Table of contents

Preparing the batch processing environment on the Hadoop Ecosystem

To configure Watson OpenScale to work in batch mode ensure that you have all of the required services and components. You must enable the Watson OpenScale Spark Manager Application.

Requirements for remote Hadoop implementation

There are specific requirements for running batch processing on a remote Hadoop cluster. In addition to the usual requirements for running Watson OpenScale, batch processing requires the following assets:

  • Apache Hive database, requires Apache Hive 2.3.7
  • Apache Hadoop 2.10.0 with Apache Spark 2.4.7
  • A docker engine to build and package the Spark Manager Application
  • A specialized notebook that you run in tandem iteratively with Watson OpenScale
  • A feedback table, training data table, and a payload logging table that you create in the Hive database
  • Livy and WebHDFS are available on the Hadoop Ecosystem, requires Apache Hadoop 2.10.0
  • A set of users who can access this application via Basic Authentication
  • A Python archive containing modules required by Watson OpenScale
  • A drifted_transaction table that stores the transactions that are used for post-processing analysis
  • Optionally, a Kerberized Hadoop Ecosystem for running the application

Step 1: Ensure Livy and WebHDFS are available on the Hadoop Ecosystem

Because the Spark Manager Application uses Livy to submit jobs and WebHDFS to access files written by Watson OpenScale, both Livy and WebHDFS are required. If they aren’t installed, you must request them. Your Hadoop cluster administrator can provide the base URLs for Livy, WebHDFS, and the HDFS file base. You must have that information before completing the remaining steps.

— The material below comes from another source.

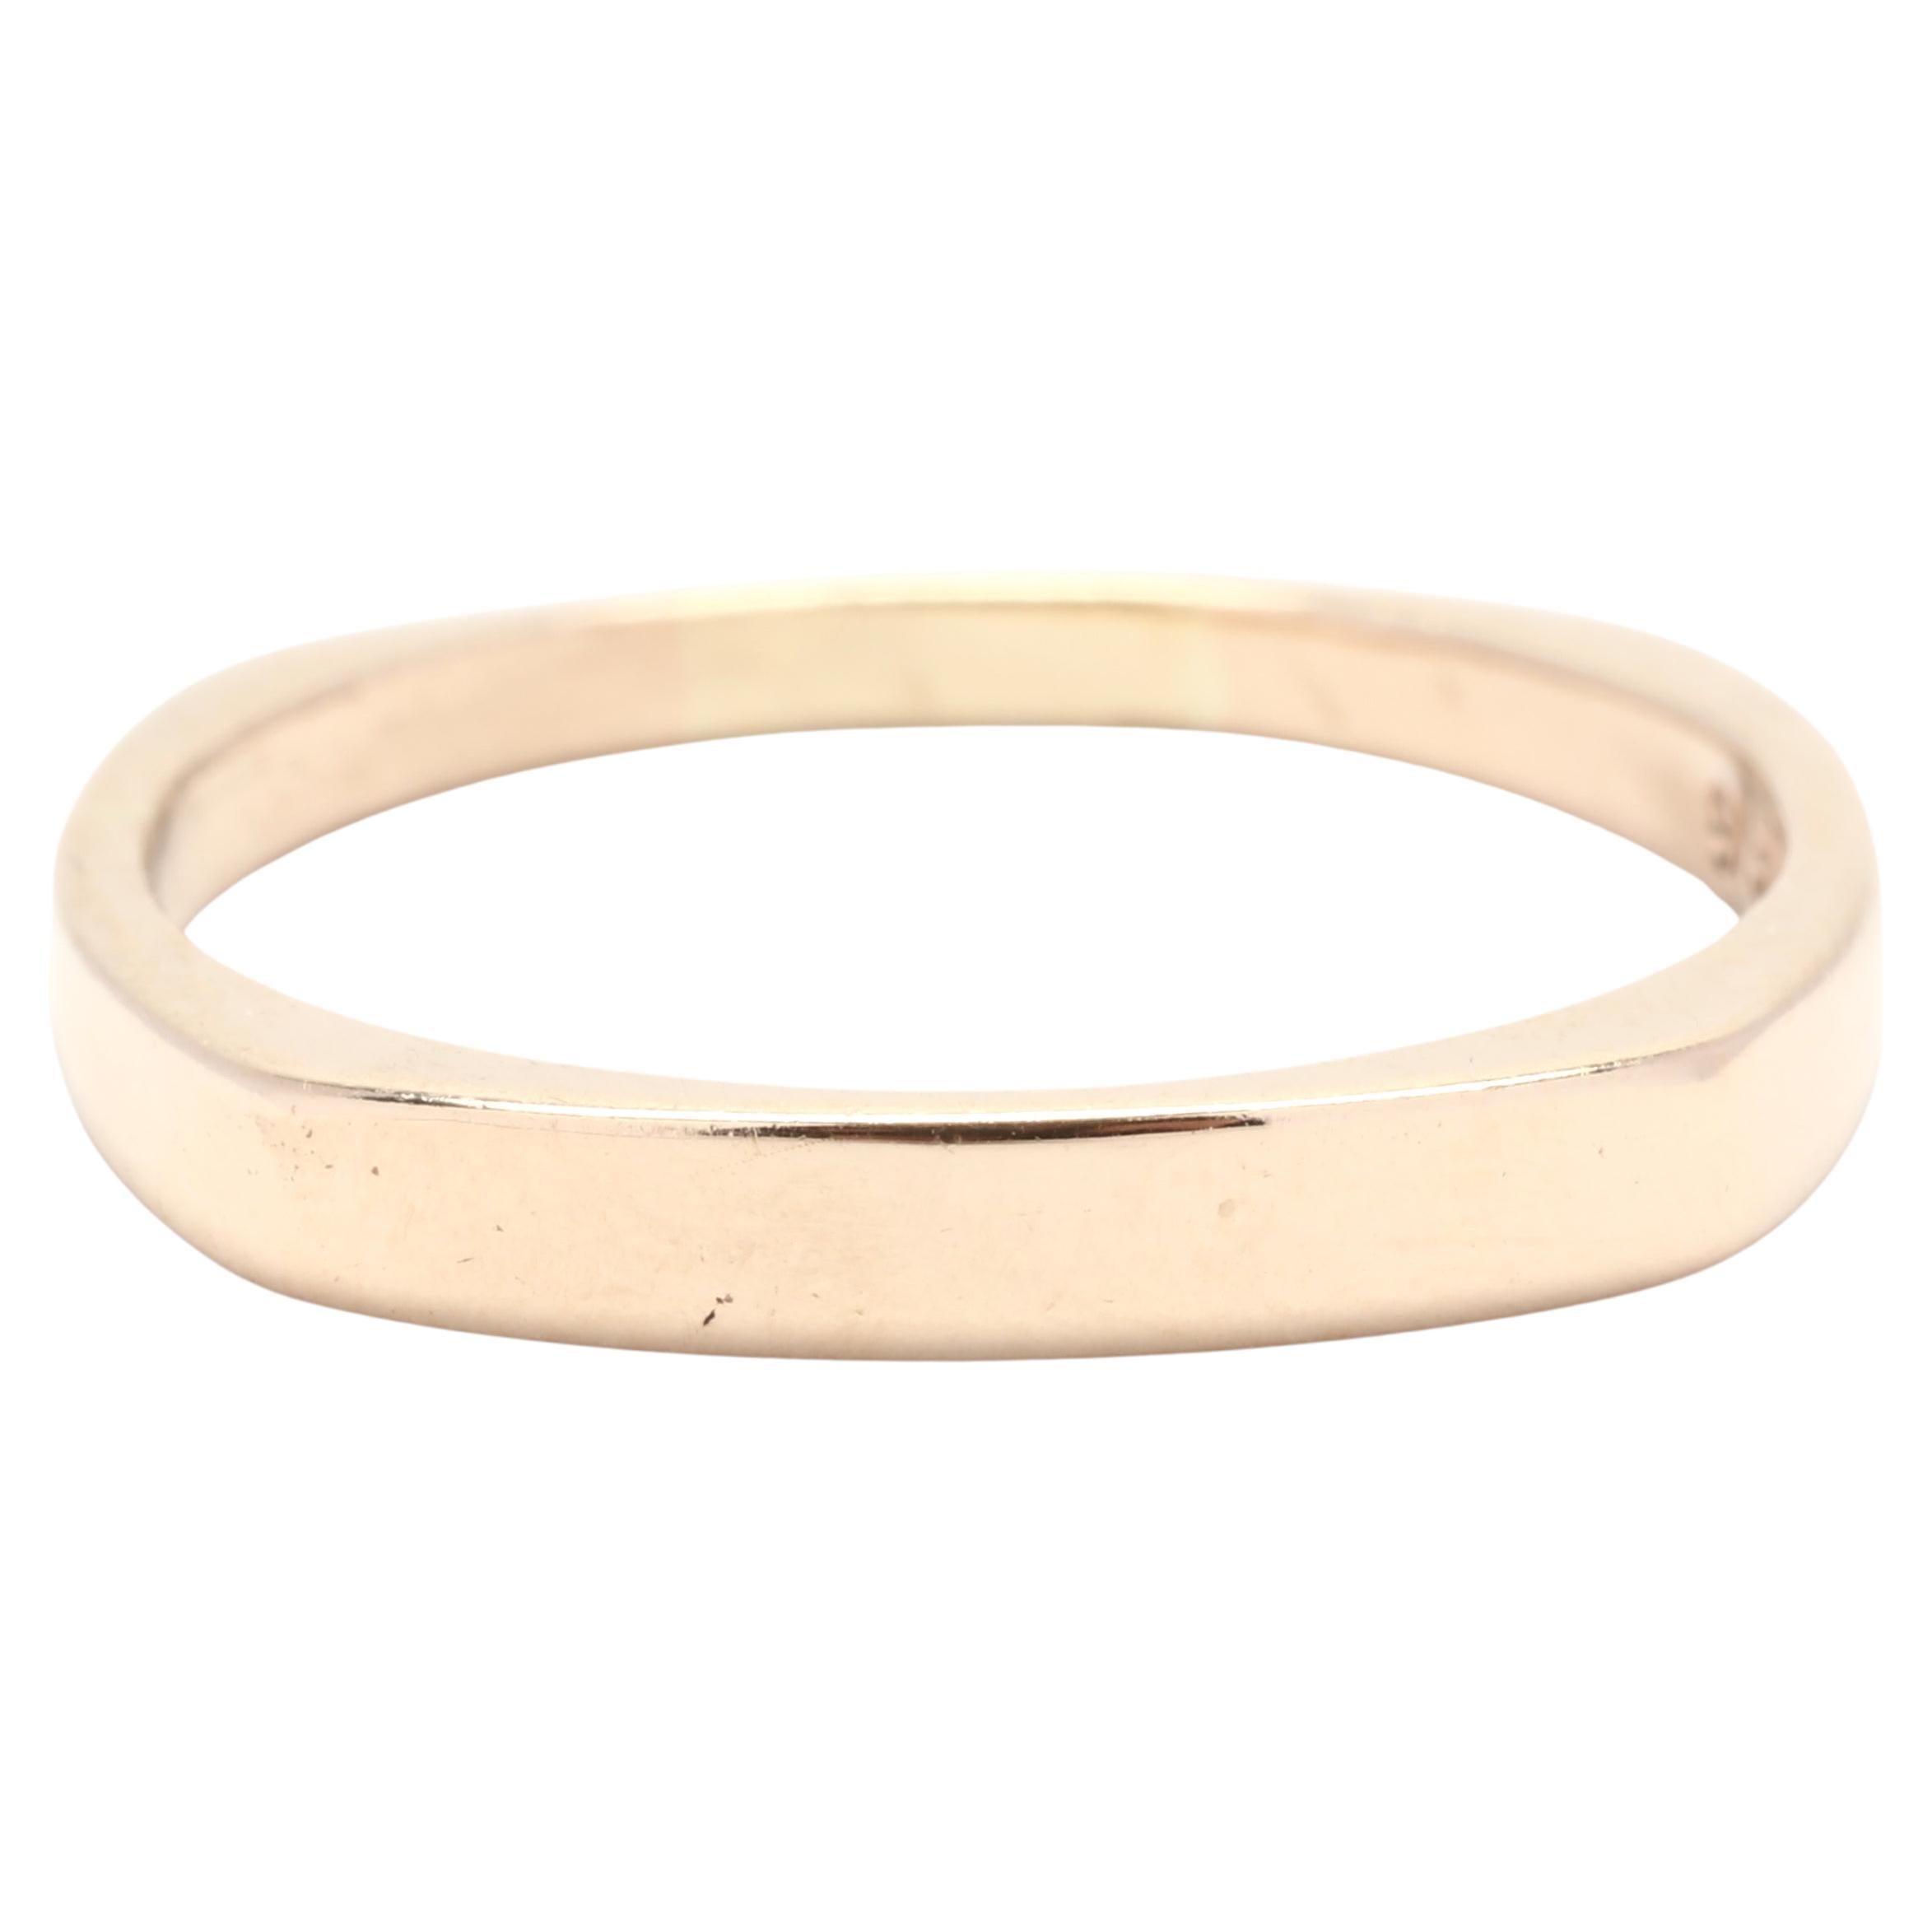 2.7mm Plain Wedding Band, 14K Yellow Gold, Ring Size 6, Stackable Band

Example of WebHDFS URL: http://$hostname:50070

Example of HDFS file base URL: hdfs://$hostname:9000

Example of Livy URL: http://$hostname:8998

Optionally, request the following items from the Hadoop cluster administrator:

  • A base path on the HDFS file system to which Watson OpenScale can specifically write files
  • A path to the yarn.keytab file, which is specified as conf.spark.yarn.keytab parameter in the job request payload

Step 2: Using a Kerberized Hadoop Ecosystem

Only complete this step if running your application in a Kerberos-enabled Hadoop Ecosystem.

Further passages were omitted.